Sur Europe 1, il affirme avoir vu un élu communiste du Grand Lyon porter une écharpe du Hamas.
« Lors du dernier conseil métropolitain, une personne est intervenue, c’est un élu communiste qui a porté l’écharpe du Hamas pendant son intervention. Je vous le garantis ! », insiste Claude Cohen, poursuivant : « Je fais très bien la différence entre l’écharpe palestinienne et l’écharpe du Hamas. Je fais très bien la différence ».
Selon nos informations, aucune plainte ou enquête n’est recensé concernant des insultes ou menaces contre le maire de Mions.
« C’est une constante dans la vie politique, mais il y a incontestablement une accélération depuis le 7 octobre », a déploré Yonathan Arfi (président du CRIF) à propos de la démission du maire.
Polémique sur la construction des logements sociaux
Autre argument qu’il avance pour expliquer son départ : la décision en janvier 2024 de la préfecture du Rhône de sanctionner plusieurs communes dont Mions à cause du manque de construction de logements sociaux.
Depuis cette date, le maire ne pouvait plus signer de permis de construire. La compétence étant reprise en main par la préfète du Rhône.

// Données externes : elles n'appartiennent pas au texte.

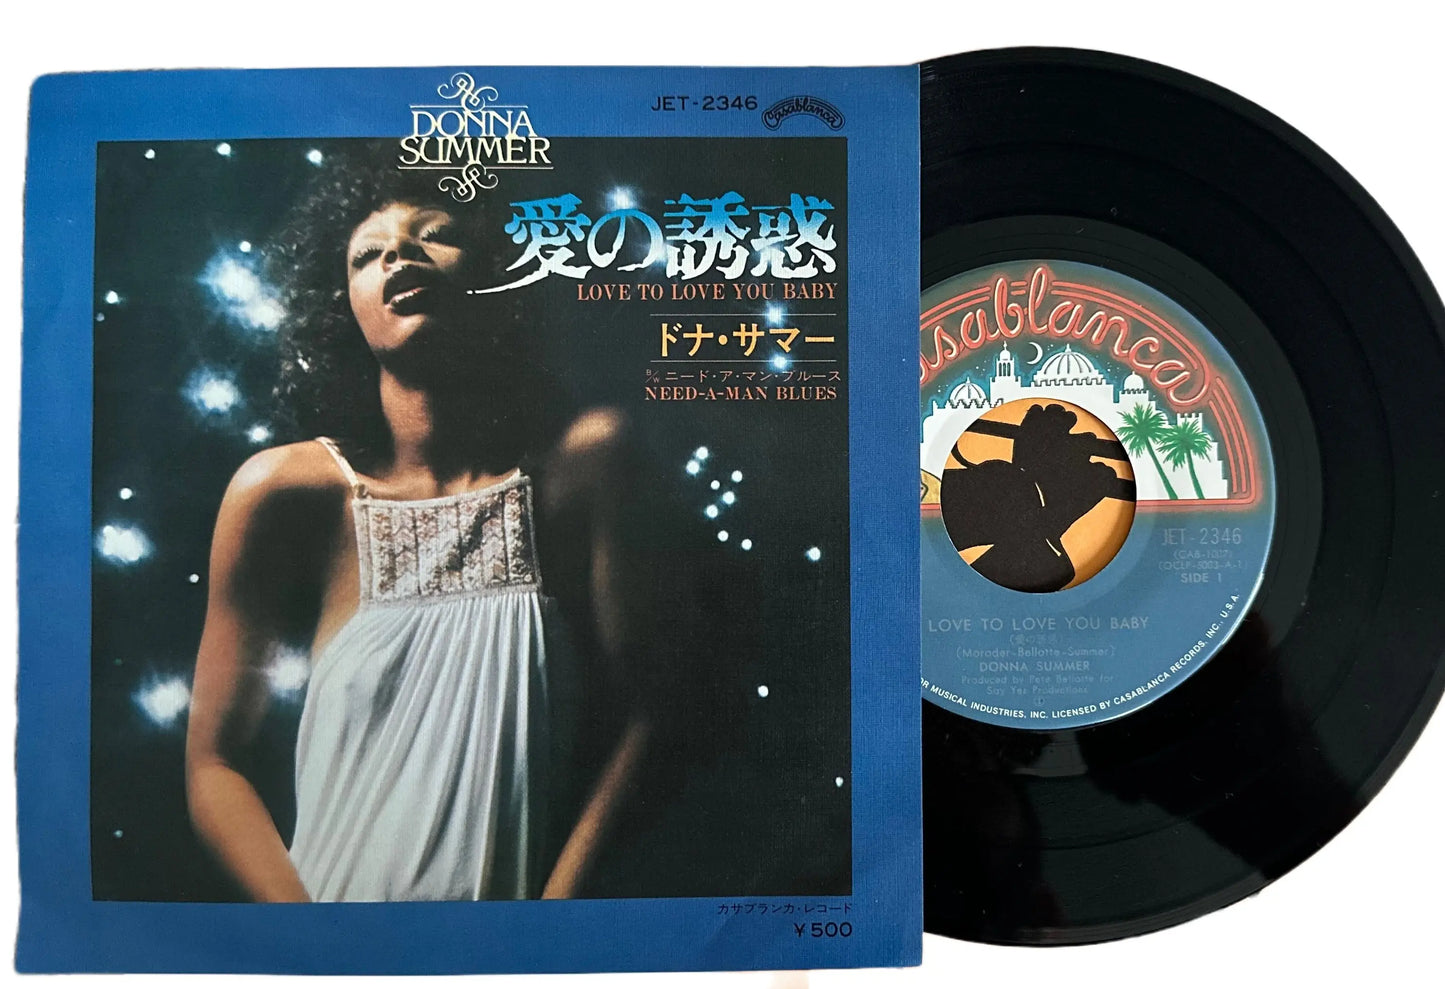 Donna Summer - Love To Love You Baby [Japanese 45 7" Vinyl Single]

« Je n’ai jamais refusé un seul permis de construire pour des logements sociaux. Il se trouve simplement qu’ici, il n’y a pas de foncier disponible », s’est-il défendu auprès de France 3.

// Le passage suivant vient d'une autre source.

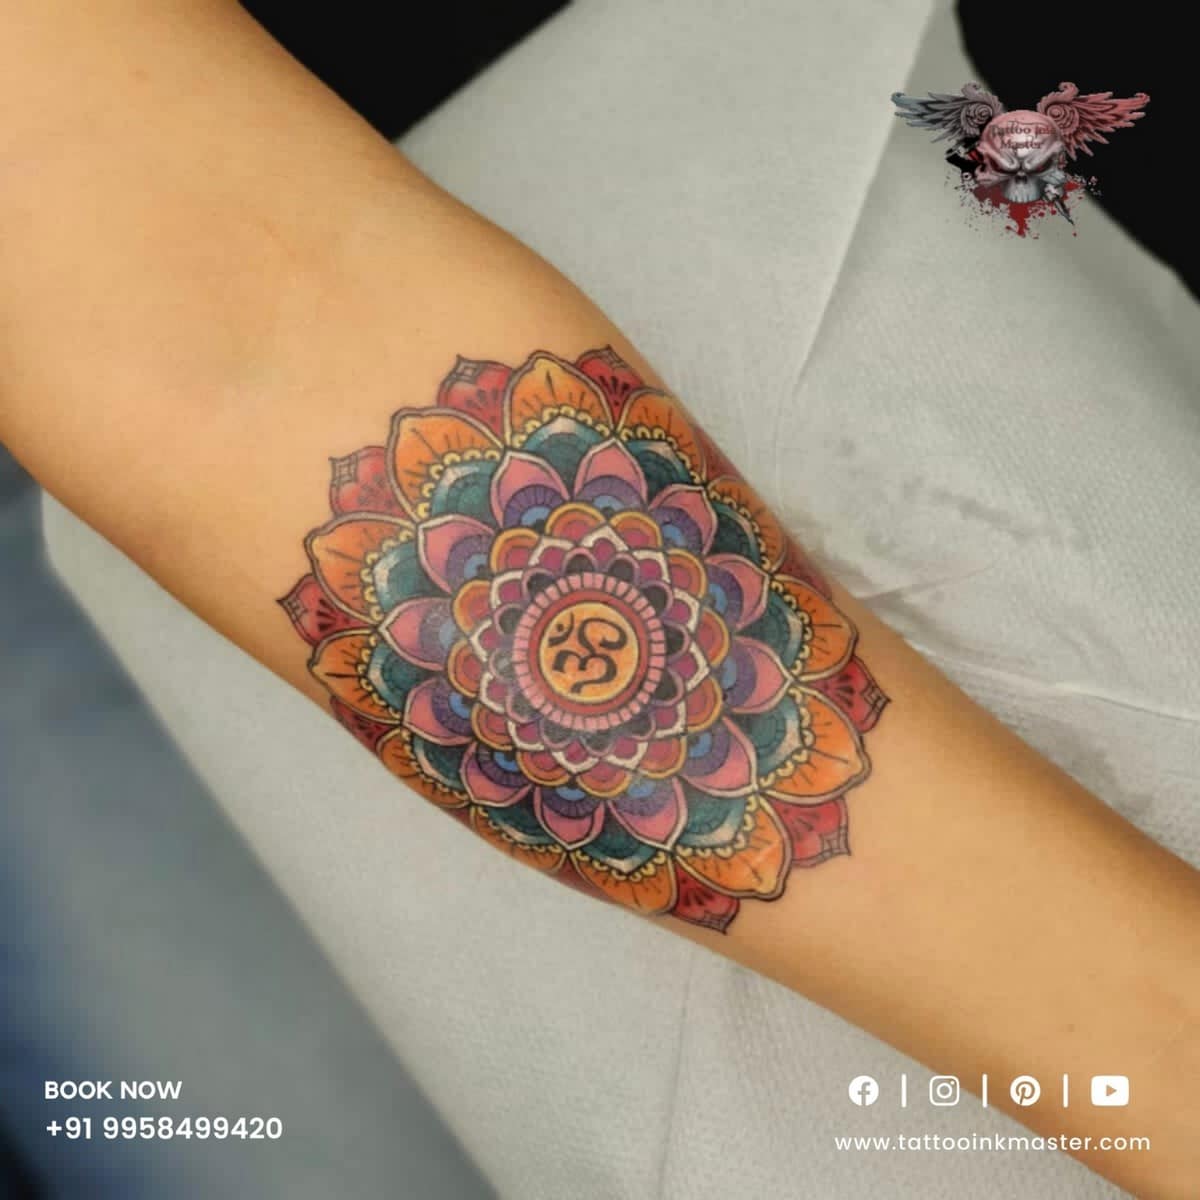 19,309 Chakra Tattoo Royalty-Free Photos and Stock Images | Shutterstock

Dernier grief pour l’élu LR : ses relations compliquées avec la Métropole écologiste. Ce dernier affirme que le président du Grand Lyon Bruno Bernard « impose » ses décisions aux maires des petites communes.
La préfecture a désormais entre 8 jours et deux mois pour acter la démission de Claude Cohen. Le conseil municipal devra se réunir pour élire son successeur.